I think I have the swine flu.
Last night I had an overwhelming desire to treat myself to a mud mask... and so I did.
Now this morning I'm feeling all swiney and what not. My eyes are puffy; my hair is unruly; I feel tired. I was going to fix some bacon for breakfast but when I opened the butcher paper, I inexplicably started to cry and shake my fist at God screaming, "Why? Elmer was one of the good ones!"
I often snort when I laugh. It's an embarrassing life long thing which means I've actually been coming down with the swine flu for more than thirty years. I expect my case will be the most severe ever and scientists will want to study me. Hopefully they'll also want to talk to The Today Show about it because I would enjoy being interviewed by Matt Lauer.
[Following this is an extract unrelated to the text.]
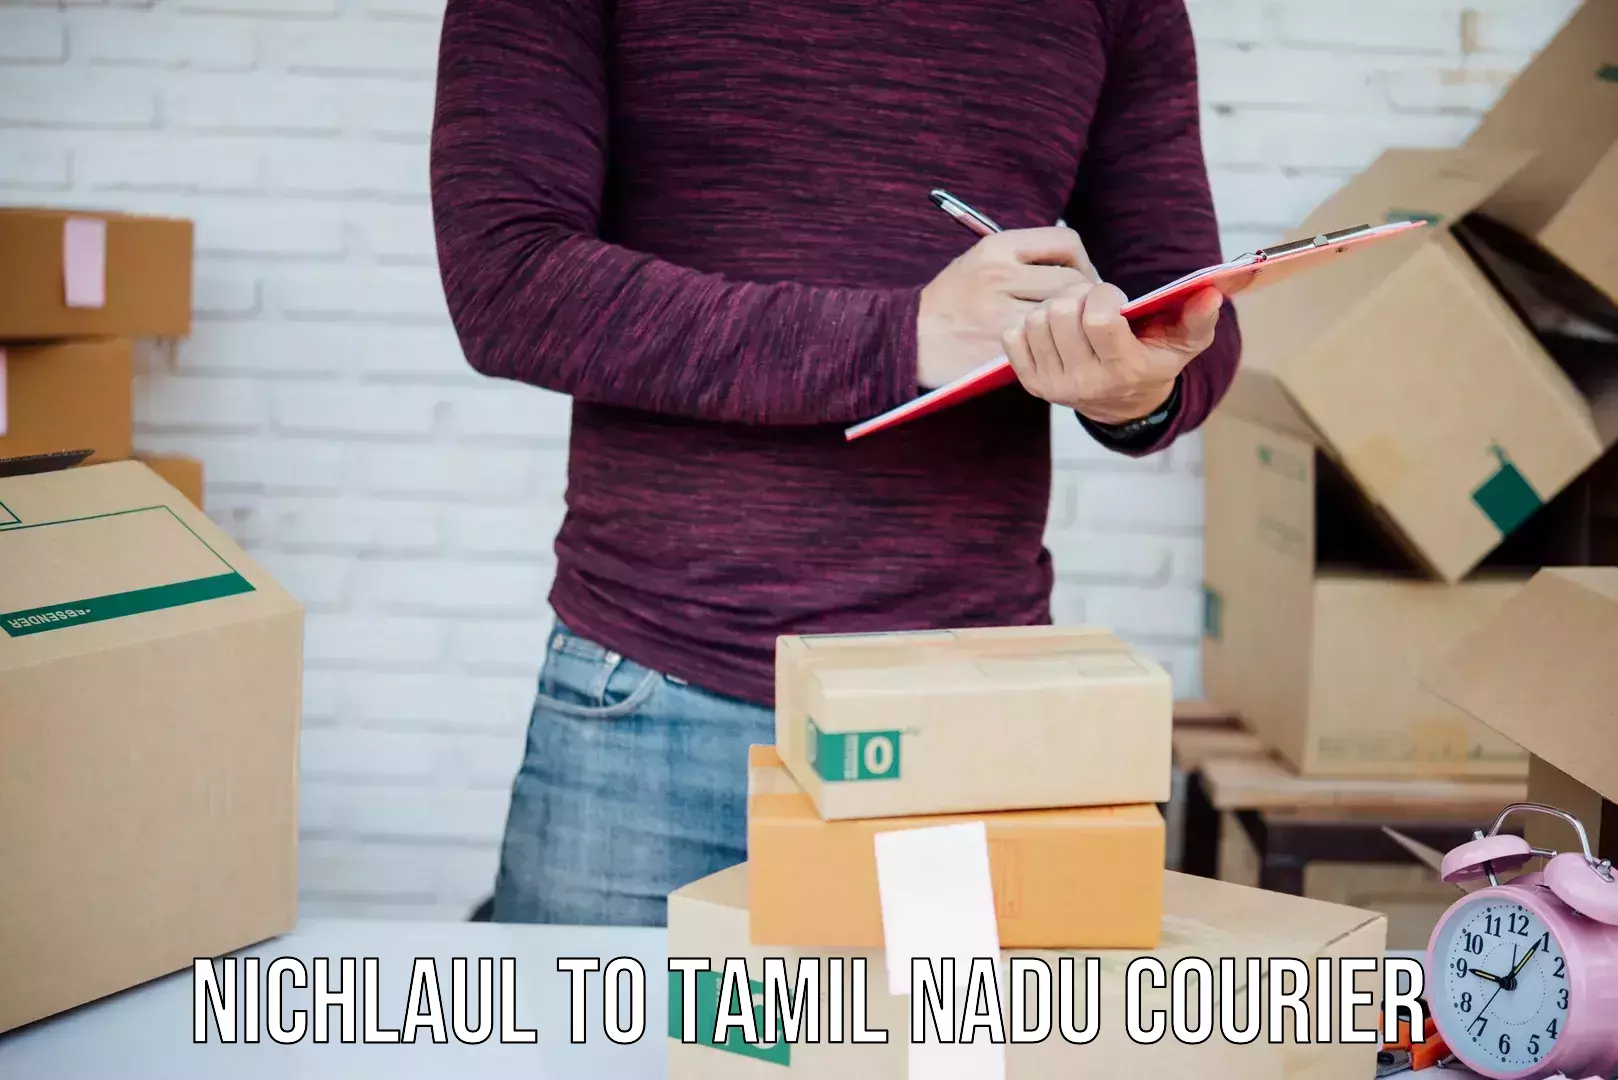 Express mail service Nichlaul to Periyakulam

I'll probably lick him so we can be swiney together.
I don't have a fever yet, but I feel quite pre-feverish so I'm certain I'll have one at some point. I'm not sure if vomiting and diarrhea are symptoms of the swine flu but I am hoping so. I need to lose 10 pounds and I'd prefer to do it without bending at the waist or giving up ice cream.
My glands are definitely sort of a little swollen, my ear lobes are burning, my fingers feel plump, my elbows are dry, I can't say phenopropanolamine and my coffee tastes funny. There is no real pain to speak of but that probably has something to do with the handful of preventative pain pills I took that were left over from Mr. Man's last back surgery. I chased them with tequila just to be sure. No sense in risking my health.
Naturally I'm calling in sick to work today. The CDC did say to stay home if you are feeling icky in anyway plus I have an overwhelming desire to avoid showering and just wallow around. If you feel that way you should probably join me and do the same. Oink.